Extended Data Fig. 1 Intratumoural myeloid and Treg cell content correlates with tiragolumab plus atezolizumab outcome but not placebo plus atezolizumab.

a, Forest plot comparing tiragolumab plus atezolizumab versus placebo plus atezolizumab in patients with tumours expressing high or low gene levels (cutoff by median expression) of CD274, TIGIT, CD226, and PVR in CITYSCAPE. Hazard ratio and 95% confidence interval were determined using univariate Cox model. The dots represent the hazard ratio and the horizontal bars the 95% confidence interval. b–e, Kaplan–Meier curves comparing PFS in patients with tumours enriched (solid lines) or not enriched (dashed lines) for TAMs (b), Tregs (c), CD16-high monocytes (d), and CD8 + T effector cells (T-eff) (e). Enrichment or not was determined by the median cell type signature score cutoffs. f, g, Kaplan–Meier curves comparing the PFS (f) and OS (g) in PD-L1-positive patients from the phase 3 NSCLC OAK study who received atezolizumab monotherapy and had tumours enriched for TAMs. h, i, Kaplan–Meier curves comparing the PFS (h) and OS (i) in PD-L1-positive patients from the phase 3 NSCLC OAK study who received atezolizumab monotherapy and had tumours enriched for Tregs. f-i, Hazard ratio and 95% confidence interval were determined using univariate Cox model, and P values were estimated using the log-rank test.

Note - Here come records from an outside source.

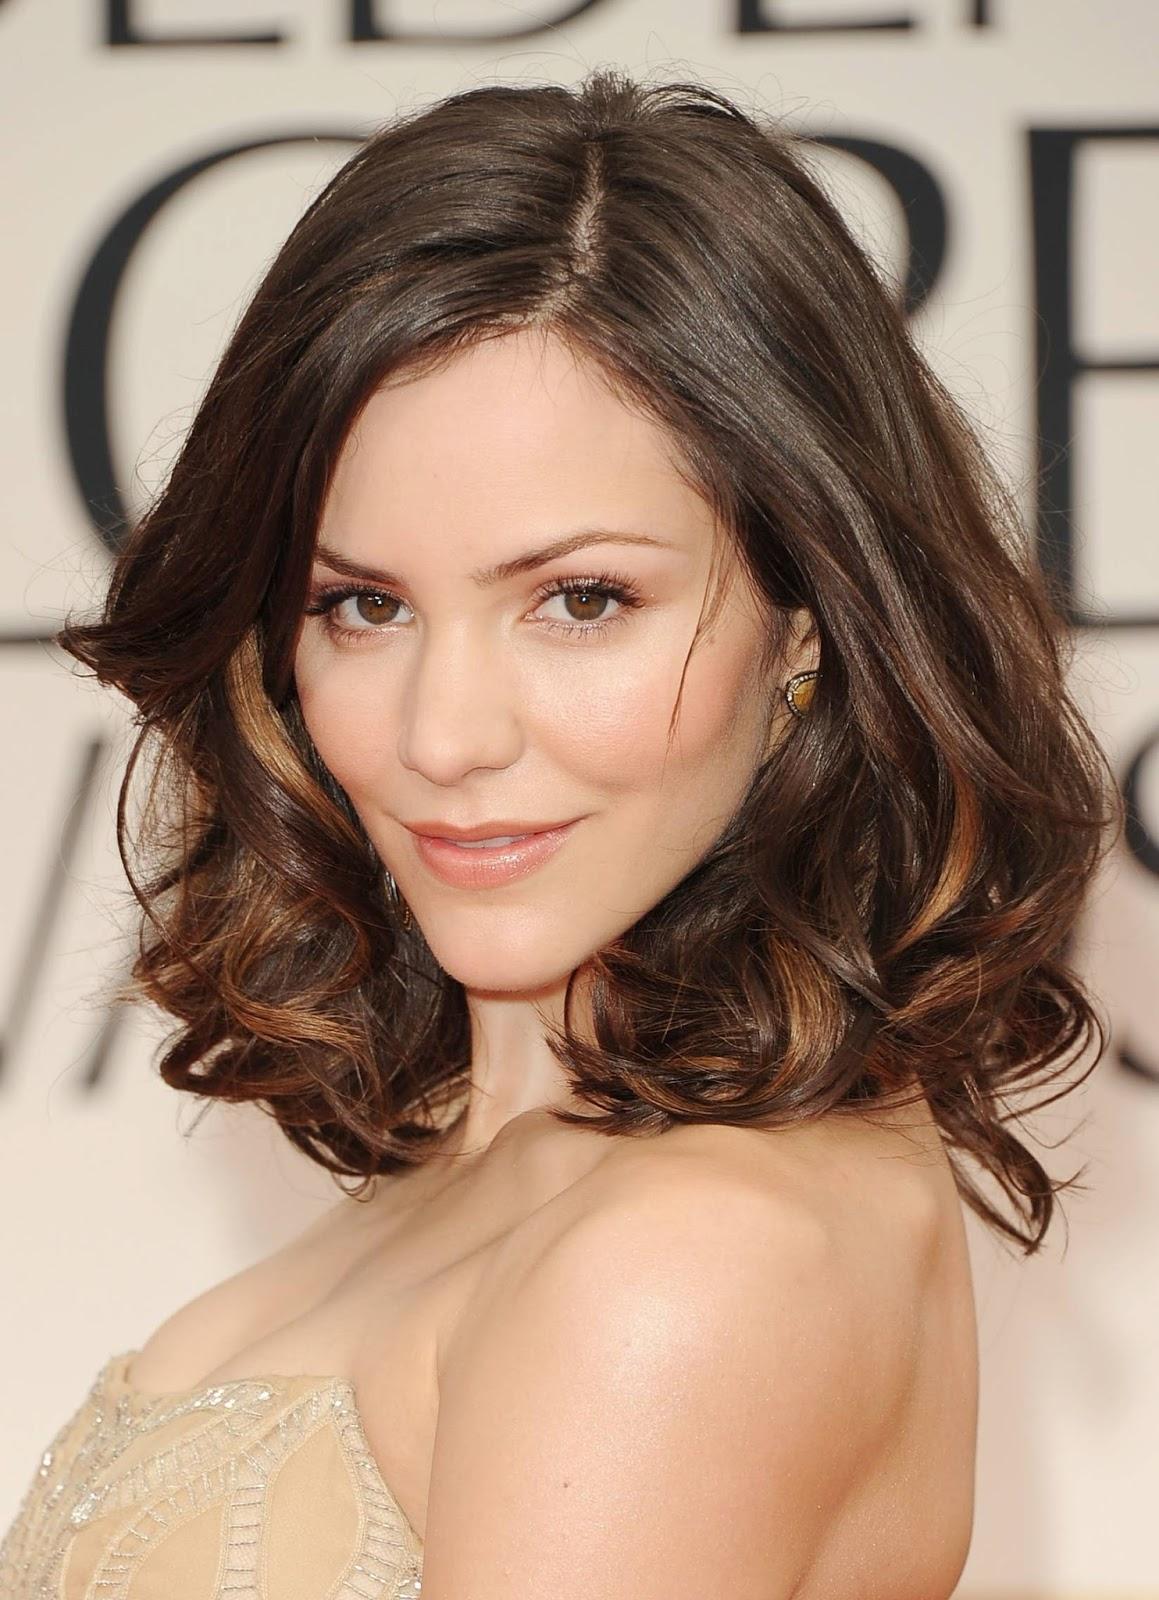 Admirable Cute Easy Hairstyles For Medium Length Hair Carolin Style Hairstyle Inspiration Daily Dogsangcom
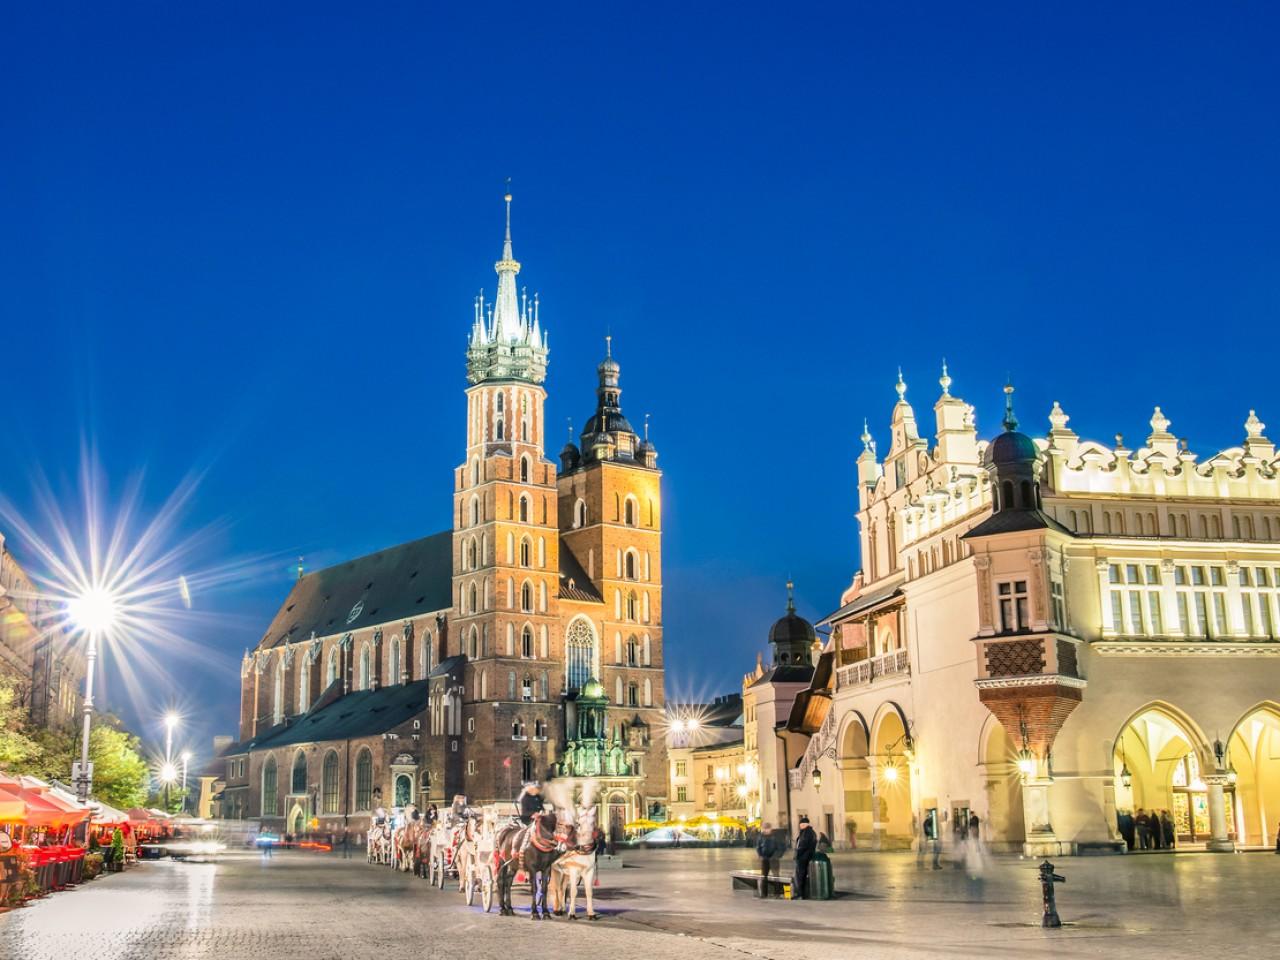 Krakow Music Festival for Choirs & Orchestras
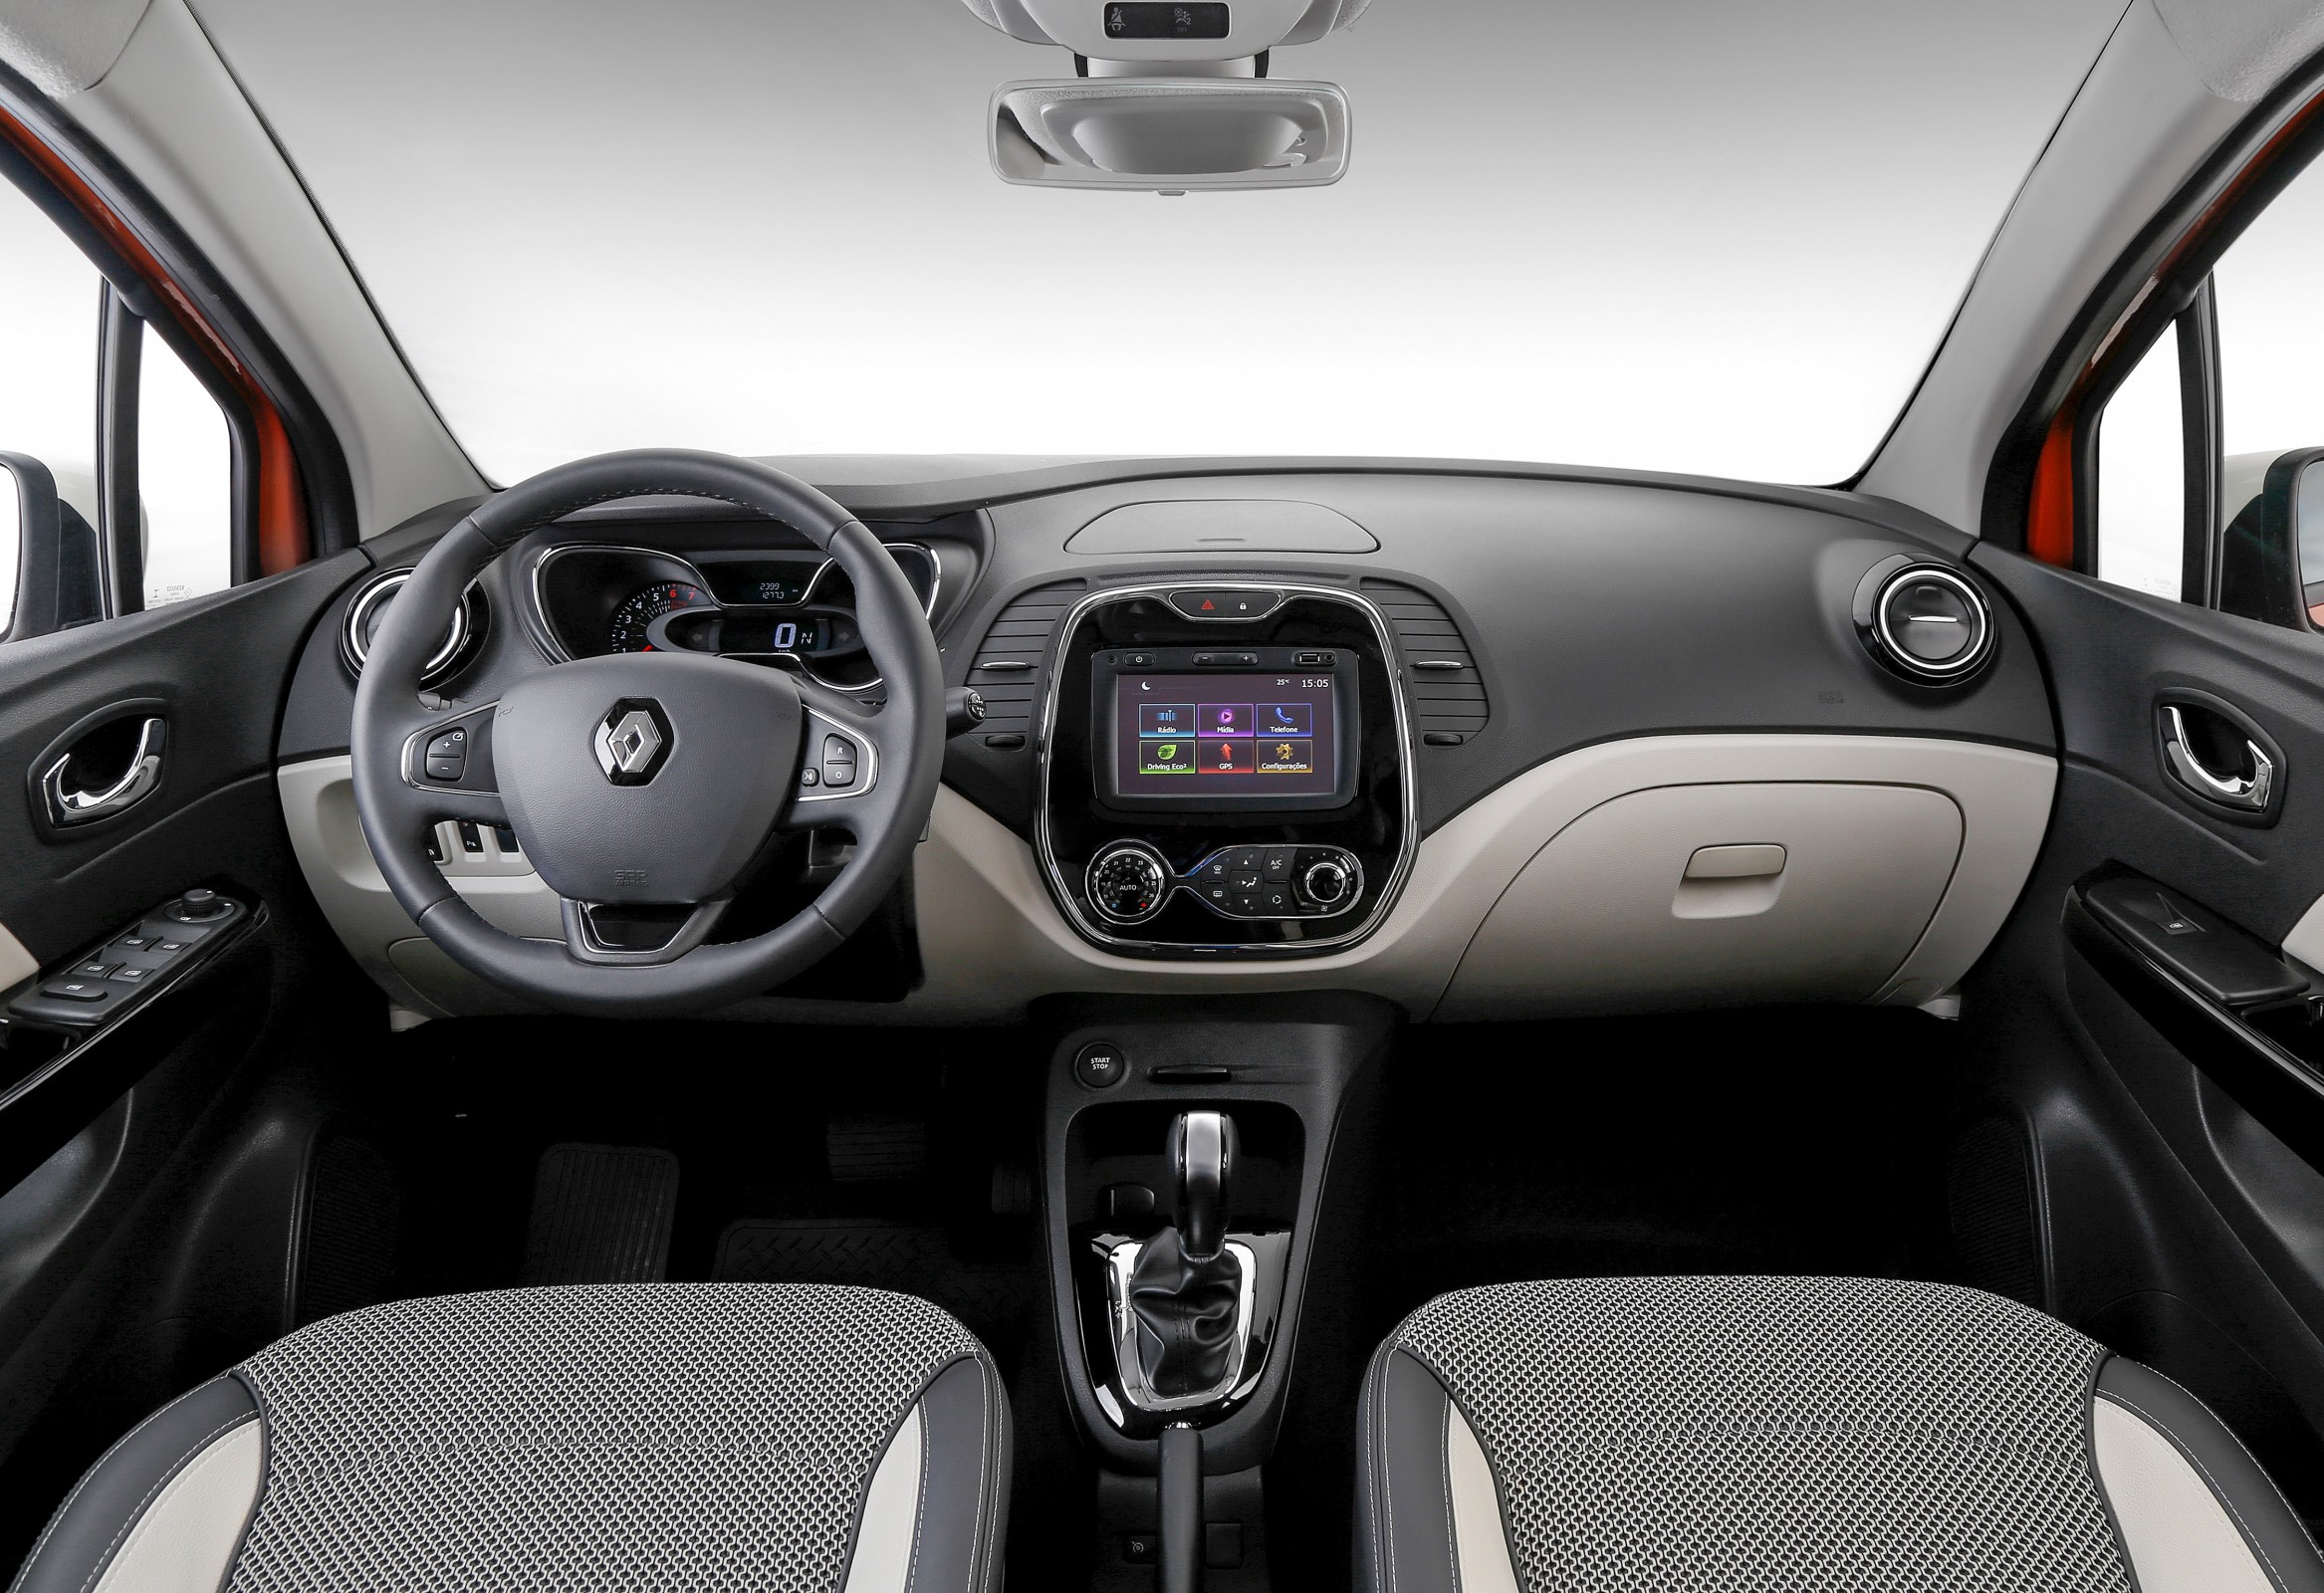 Renault Captur 1.6 Sce CVT

Extended Data Fig. 2 Correlation of bulk RNA-seq-based cell type signature scores with multiplex immunofluorescence.

a, b, Correlation of TAM signature with CD68+ cells by mIF (a) and Treg signature with FoxP3+ cells by mIF (b). Two-tailed Pearson correlation; n = 27. mIF, multiplex immunofluorescence.

Extended Data Fig. 3 The proportion of proliferation cells and major cell types in PBMC.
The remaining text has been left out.